SHIPS leaving Nhava Sheva port, across the harbour from Mumbai, tend to ride higher on the water than when they arrive. India’s trading statistics explain why: steel and other industrial goods from China weigh down the ships as they come in, to be replaced on the way out by fluffy cotton bales, pills and—given India’s perennial trade deficit in goods—empty containers.
India’s economy grew by 7.5% last year, cruising past China’s 6.9% growth. Yet the deficit in goods trade with China continues to widen (see chart), to over 2% of GDP last year. For Indian policymakers this is an irksome reminder of the weakness of the country’s manufacturers. Halving the trade shortfall with China would be enough to eliminate India’s overall current-account deficit, and thus the need for external financing.
The government’s ideas for shrinking the shortfall have been sadly predictable. The minimum import prices it imposed earlier this month on various grades of Chinese steel, which it claims are being “dumped” below cost, come on top of other anti-dumping levies and taxes on steel and myriad other products, from raw silk to melamine dinner sets. No country has used such measures as energetically as India over the past 20 years, according to the World Trade Organisation.
The commerce minister, Nirmala Sitharaman, has called for a devaluation of the rupee to curb imports and boost exports. Yet the rupee has been falling against the yuan for years, with little effect on trade. And a weakening currency could revive inflation, which falling oil prices and sound monetary policy have helped tame.
The government looks longingly at manufacturing’s 32% share of China’s GDP, roughly double the Indian figure. It sees factories as the ideal way to soak up the million-odd young workers who join the labour force every month. So it is showering sops on various industries. It is handing out subsidised loans to small-scale and labour-intensive industries such as ceramics and bicycle parts. Lightly-taxed “special economic zones”, many of which are set up to benefit a single company, are in line for further handouts.
A “Make in India” jamboree in Mumbai earlier this month sought to present an image of openness to foreign investment, eliciting promises of multi-billion-dollar plants from firms keen to cosy up to policymakers. But India is trying to emulate China’s export-led manufacturing growth in a global economy that is now drowning in China’s industrial surpluses. It hopes to fill the vacuum left by its larger neighbour as Chinese wages rise, to double those of Indians, and its economy rebalances from exports to consumption. Yet so far it has struggled to seize that opportunity.
Indian firms grumble, with some justification, about their products being shut out of the Chinese market. Agricultural products, of which India is a net exporter, are largely excluded from China through various phytosanitary rules. Indian pharmaceutical firms complain that China’s growing aid to other developing countries often includes the provision of medicines—Chinese-made ones, of course—which means that the recipient countries buy fewer Indian-made drugs than they used to.
Why countries are so keen to agree new trade deals
India runs a global surplus in services, mainly by selling them to rich countries. But they are a small component of Indo-Chinese trade. China gets the best of tourist exchanges between the two countries: 181,000 Chinese tourists came to India in 2014, against 730,000 Indians who visited China. All this tortures Indians, for whom China is the biggest source of imports and third-biggest export market, but barely troubles China, for whom India is a second-tier trade partner. Indian policymakers are reflexively sceptical, for example, of China’s plan to build a road linking the countries, worrying it will only widen the trade imbalance.

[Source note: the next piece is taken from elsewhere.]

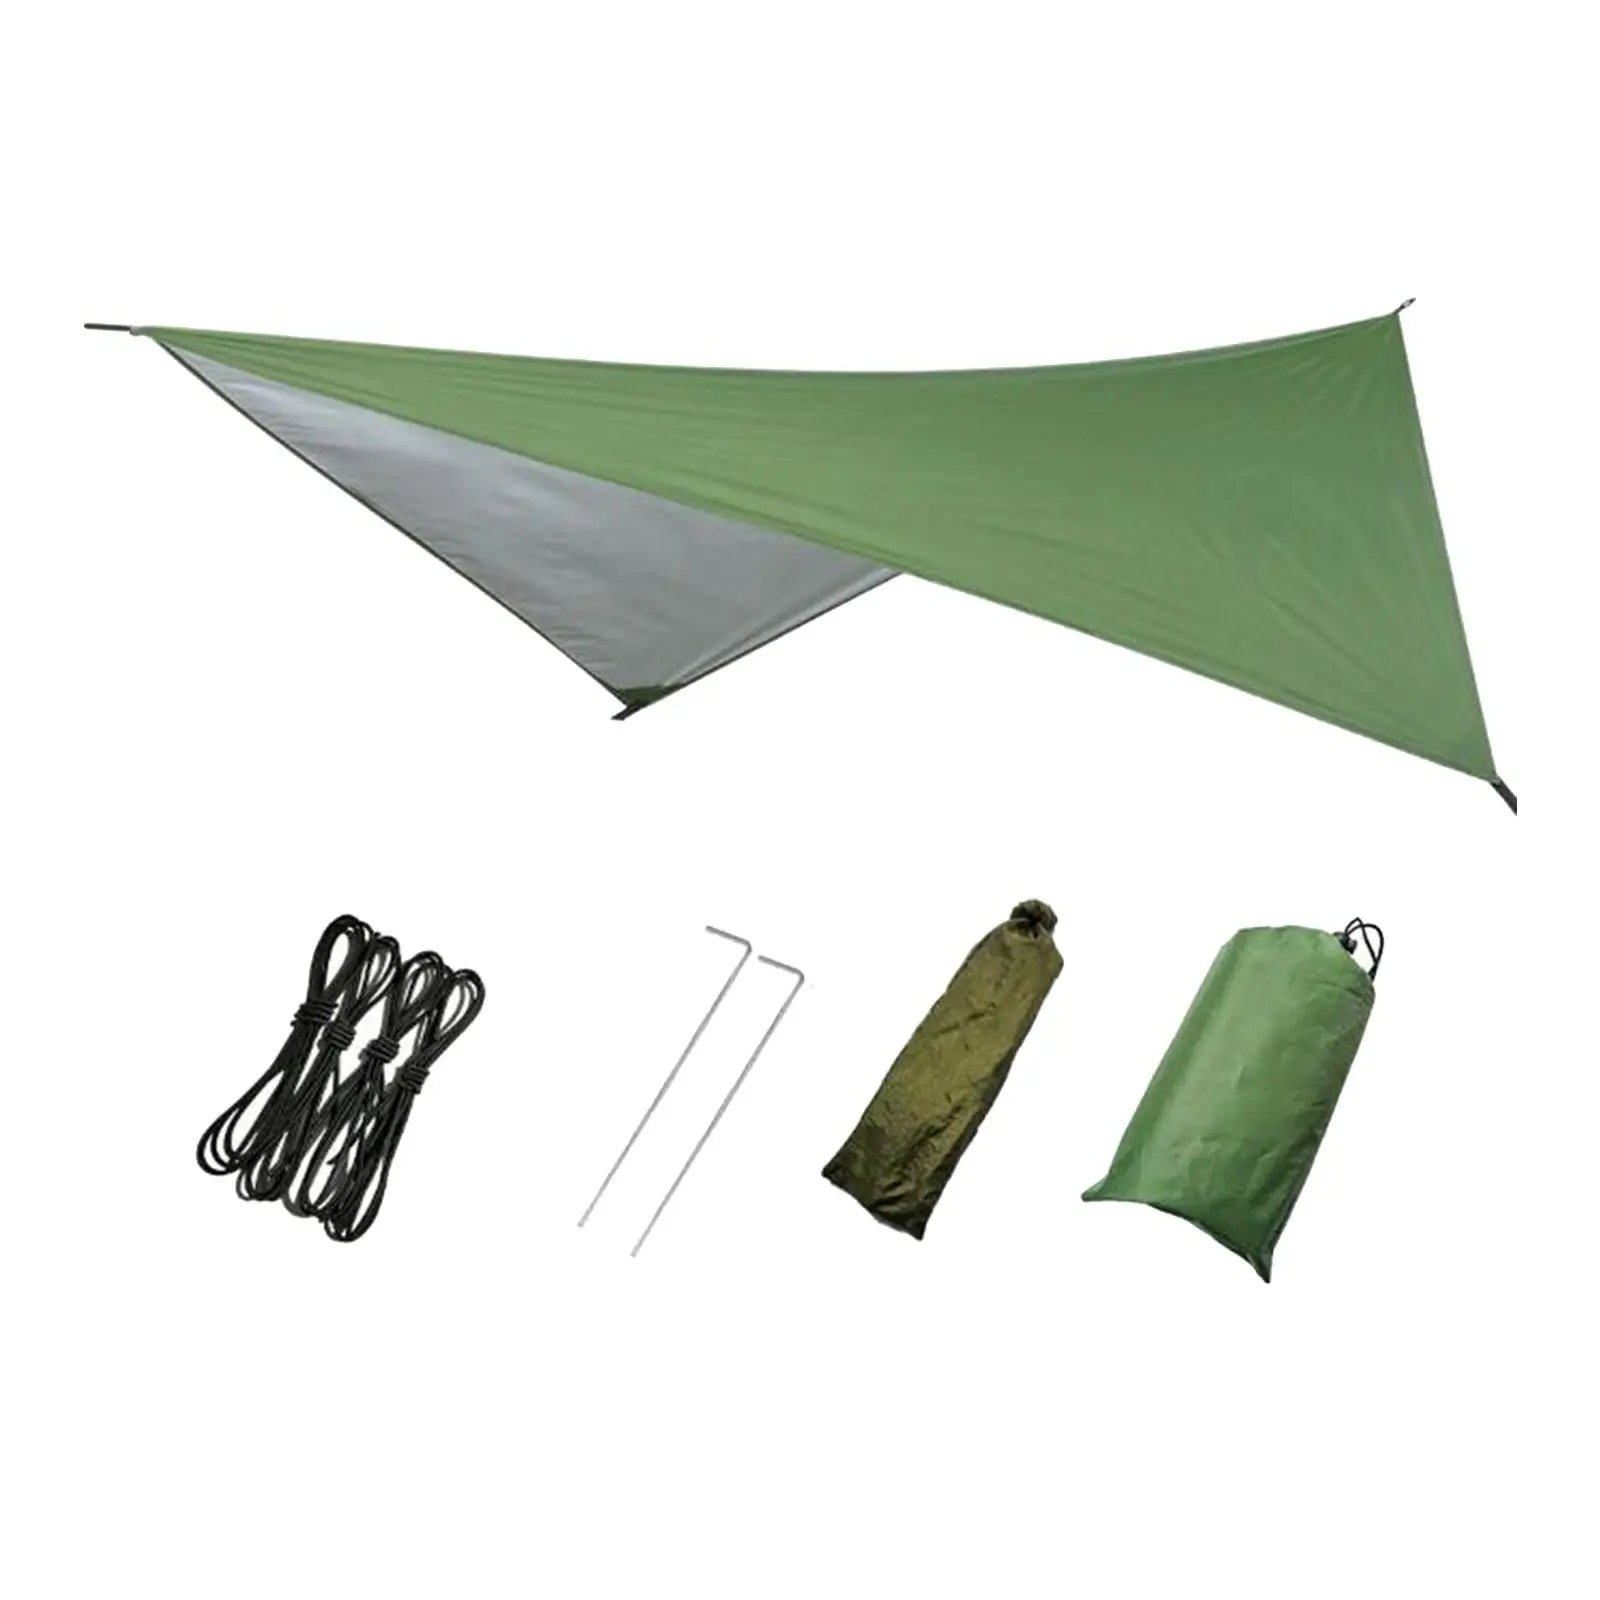 Heavy Duty Camping Tent Tarp Awning  Beach Umbrella Windproof Outdoor Sun  for Fishing Hiking Beach Traveling Picnic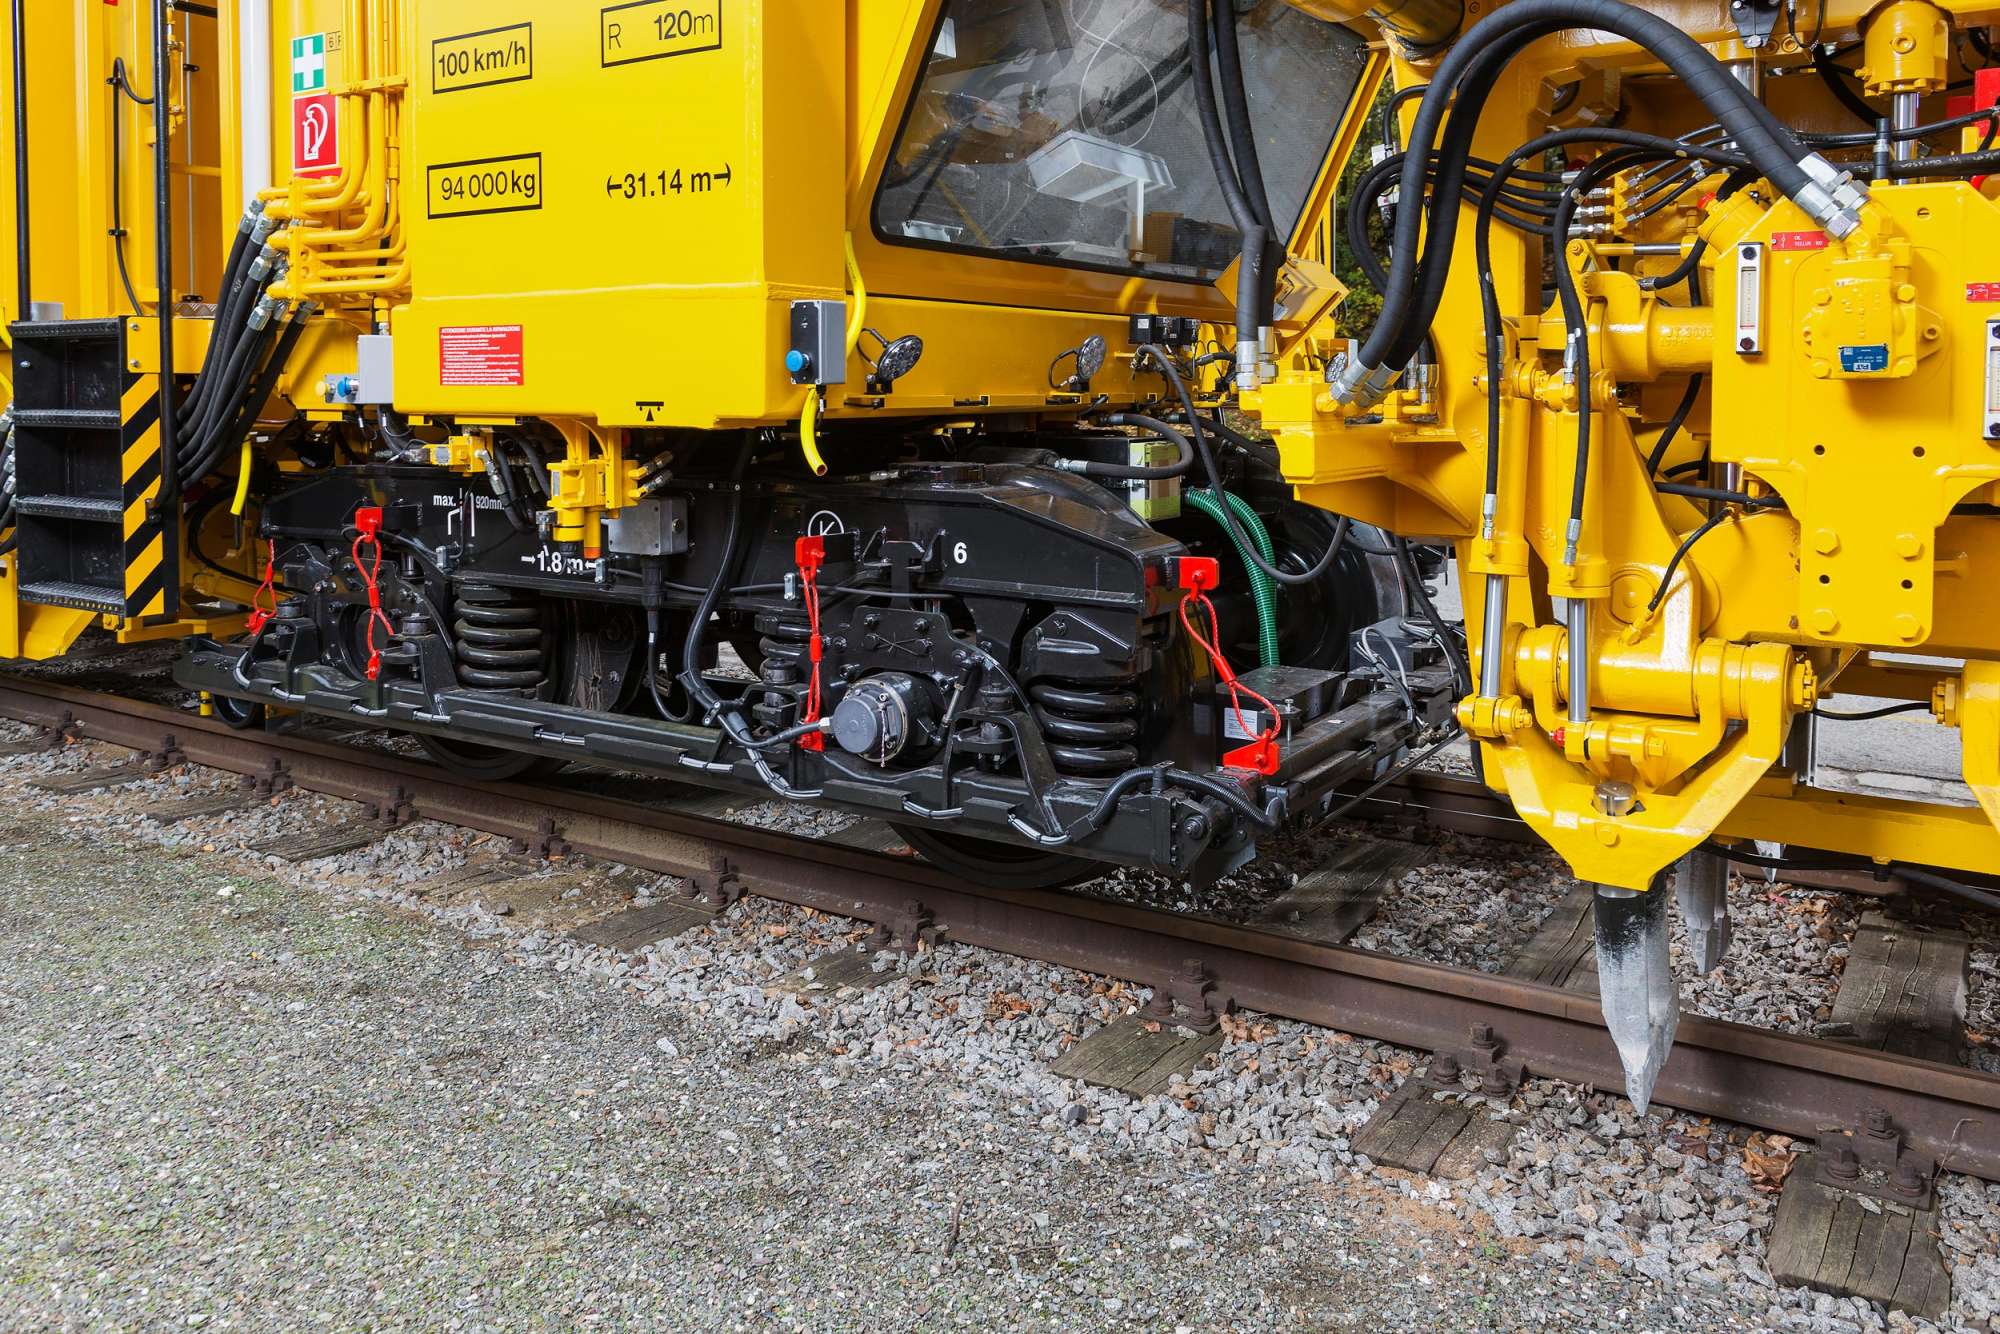 This is how we create new opportunities of cooperation between track maintenance machines and the infrastructure.

If China’s consumers won’t buy Indian goods, perhaps its businesses could build factories in India instead? Some big projects have recently been announced, notably a $10 billion industrial park to be developed by Dalian Wanda, a Chinese property group; and a $5 billion plant proposed by Foxconn, a Taiwanese electronics outfit which mainly manufactures in China. Foxconn said last July that it might employ up to 1m Indians in 10-12 plants by 2020, despite suffering labour strife when it closed an existing factory last year. However, foreign investors’ projects often fall quietly by the wayside when bureaucratic obstacles prove insurmountable. Foxconn is already said to be rolling back its ambitions.
After years in the doldrums, India is enjoying its moment as the world’s fastest-growing large economy. That in itself will be enough to pique the interest of multinationals: Apple, for example, thinks a sales push in India can help make up for sluggish Chinese demand. Even so, it will be a while before its devices (whose assembly it outsources to Foxconn) are made in India. Instead, they will further weigh down the ships entering its ports.